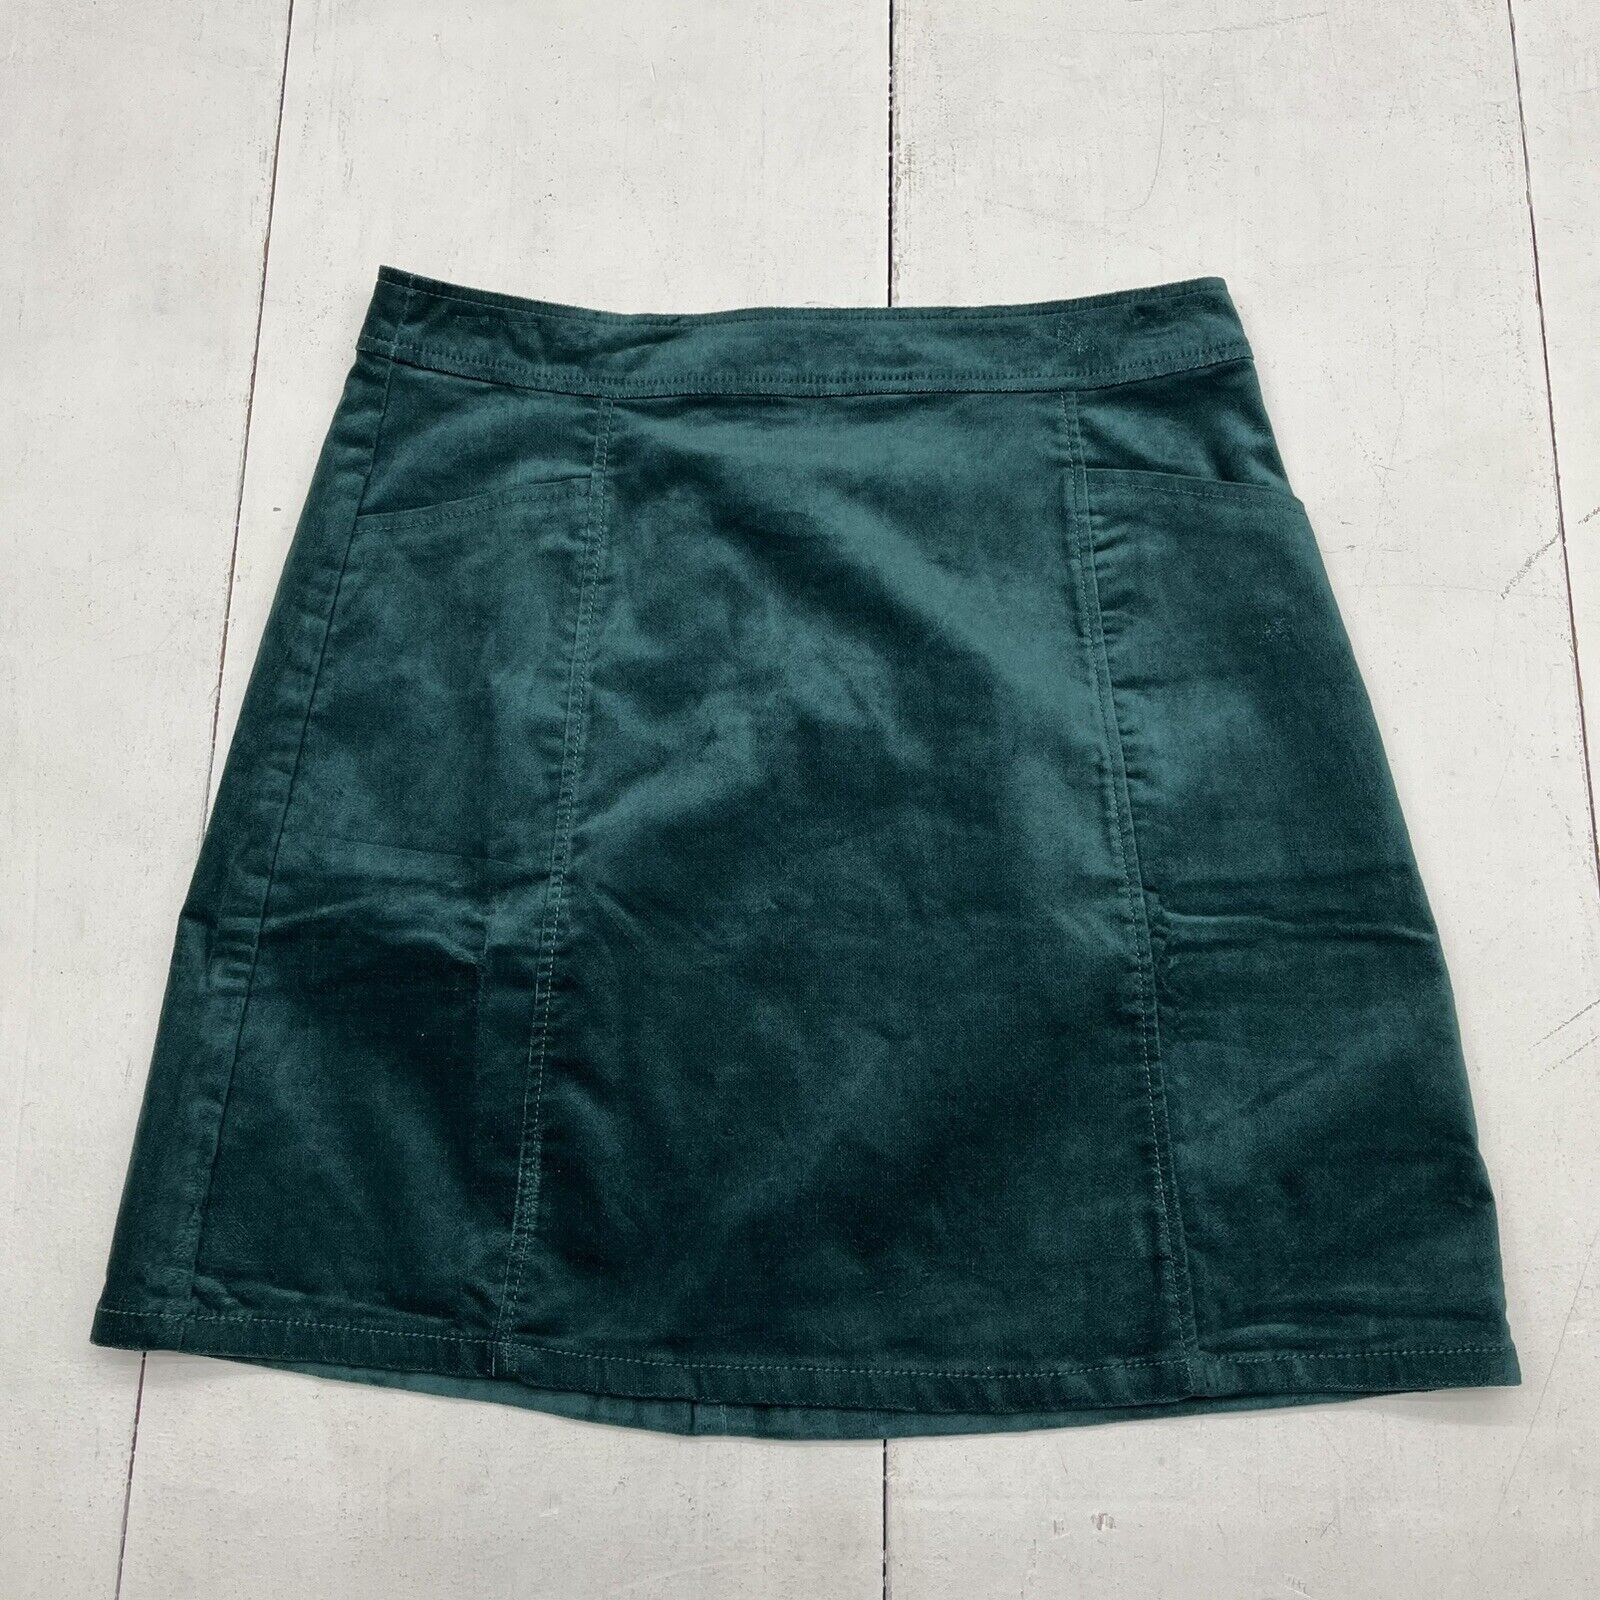 Loft Emerald Green Velvet Skirt With Pockets Women’s Size 4 NEW
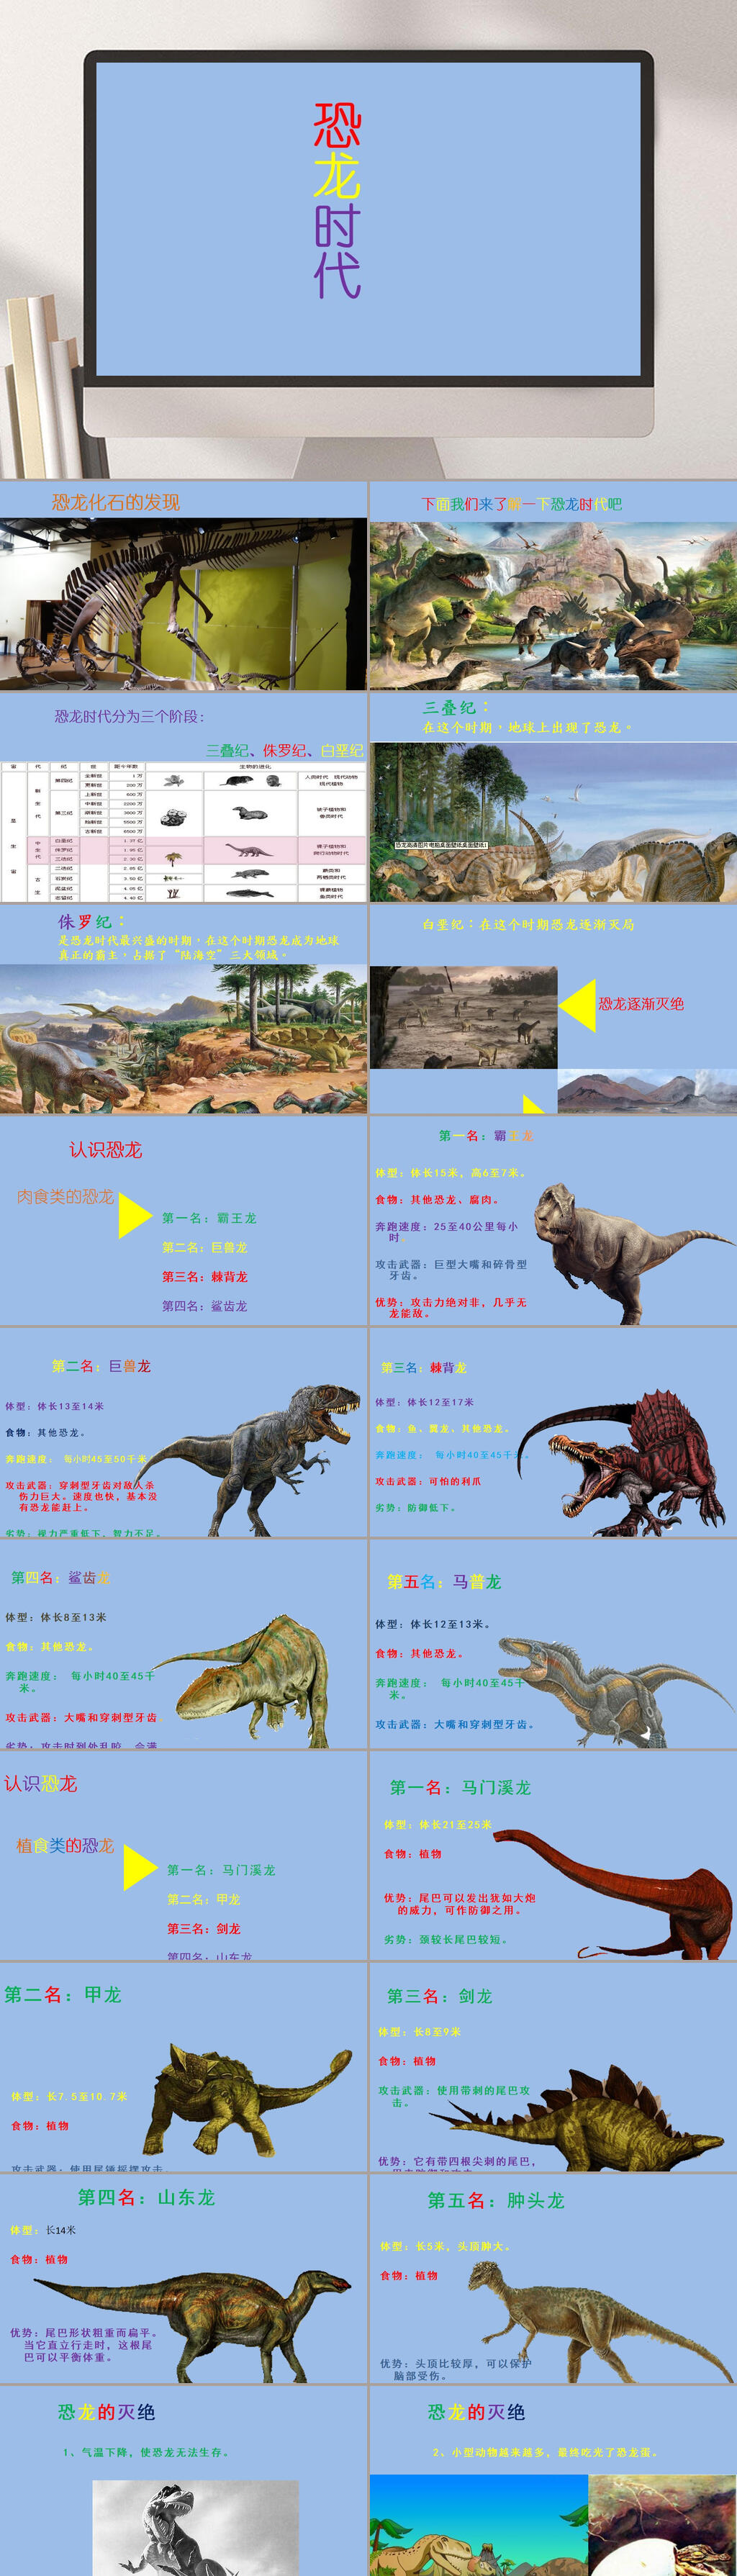 恐龙时期ppt图片
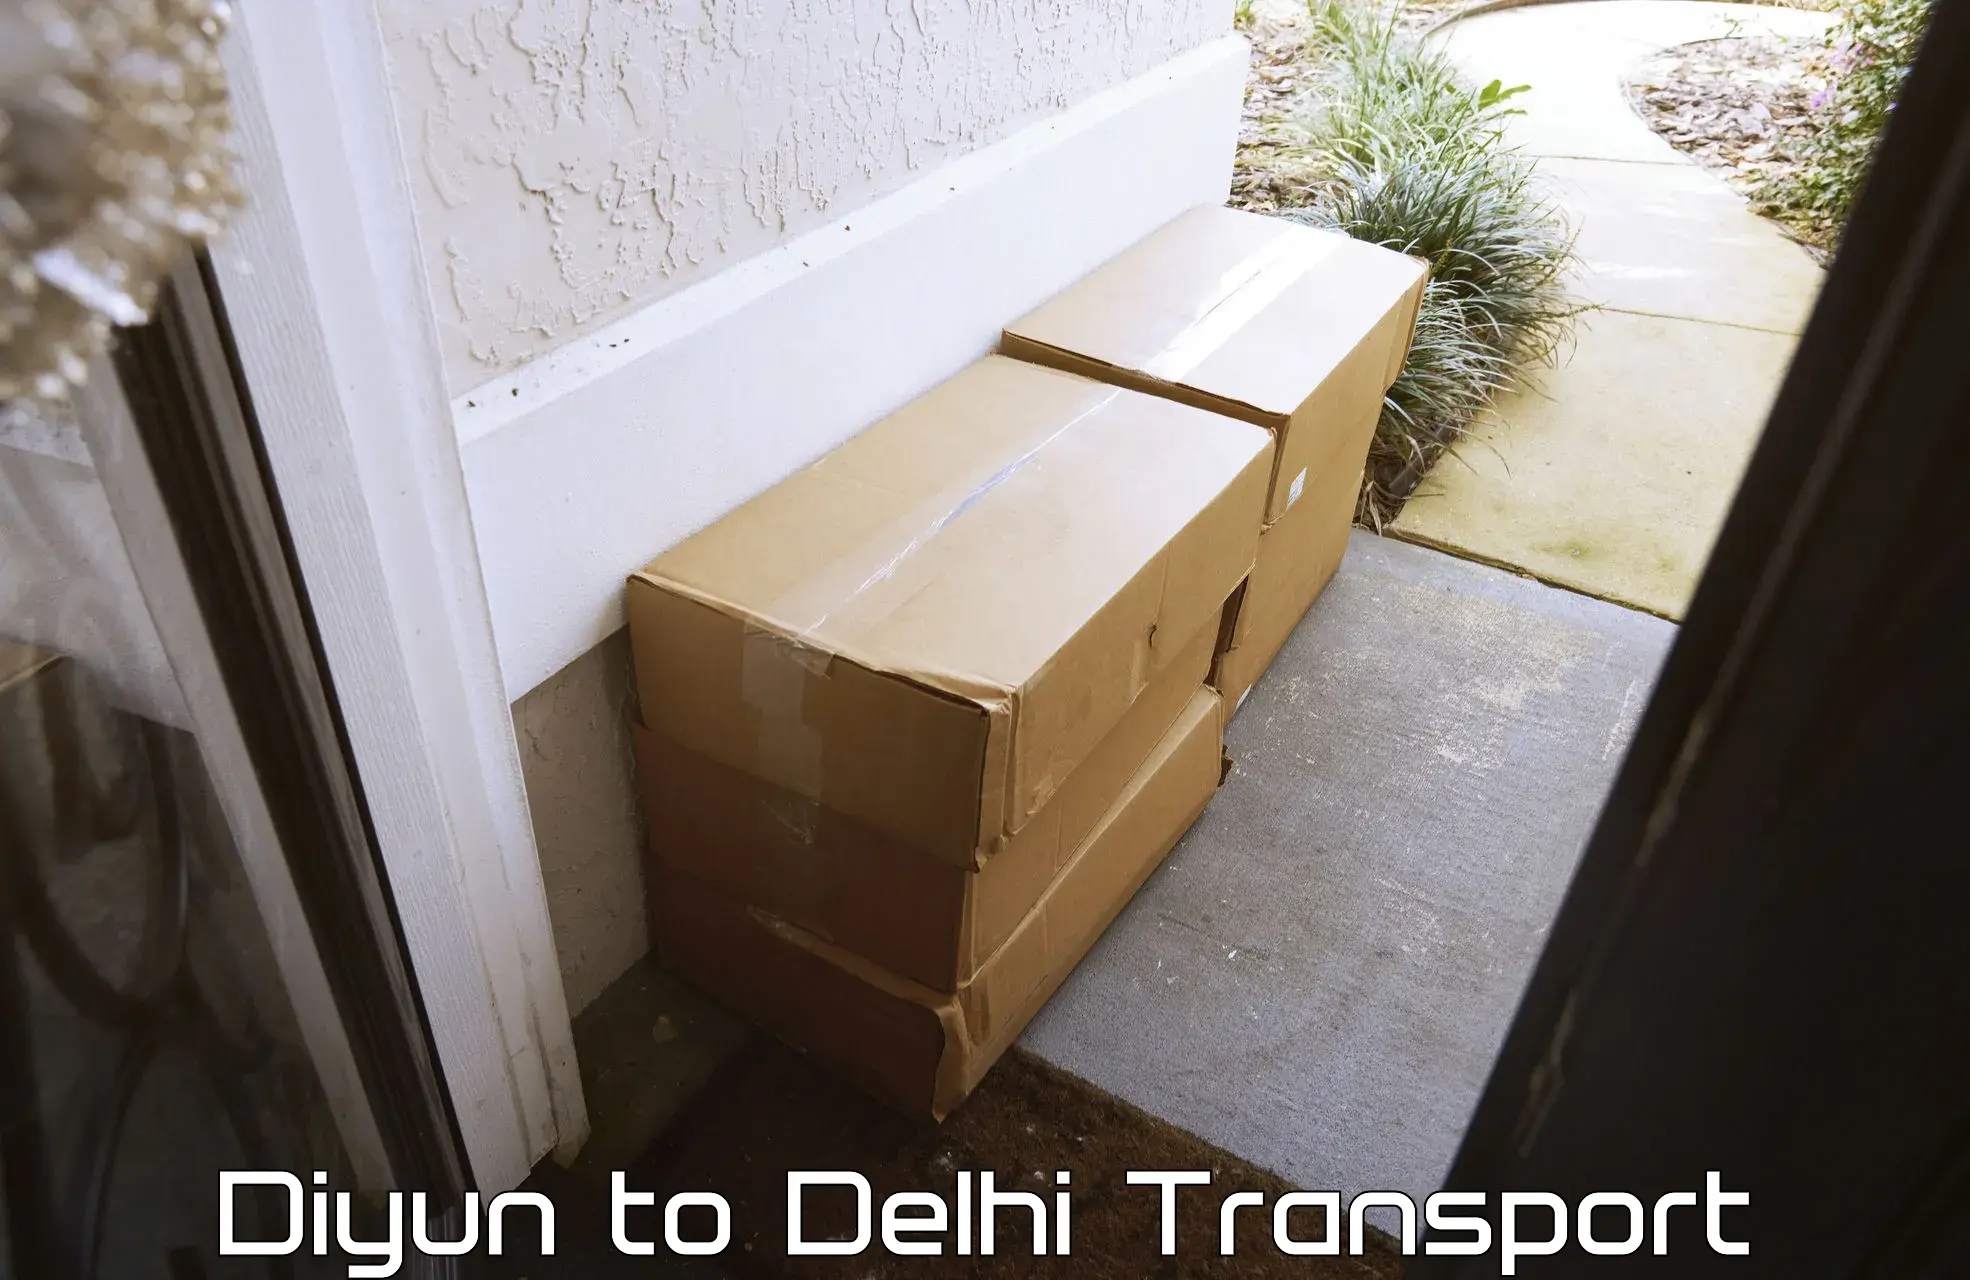 Container transportation services Diyun to Sarojini Nagar

Task directions: Could the data above be reproduced exactly, with the pictures left out?

Response to the exercise:
 Loft Emerald Green Velvet Skirt With Pockets Women’s Size 4 NEW
 恐龙时期ppt图片
 Container transportation services Diyun to Sarojini Nagar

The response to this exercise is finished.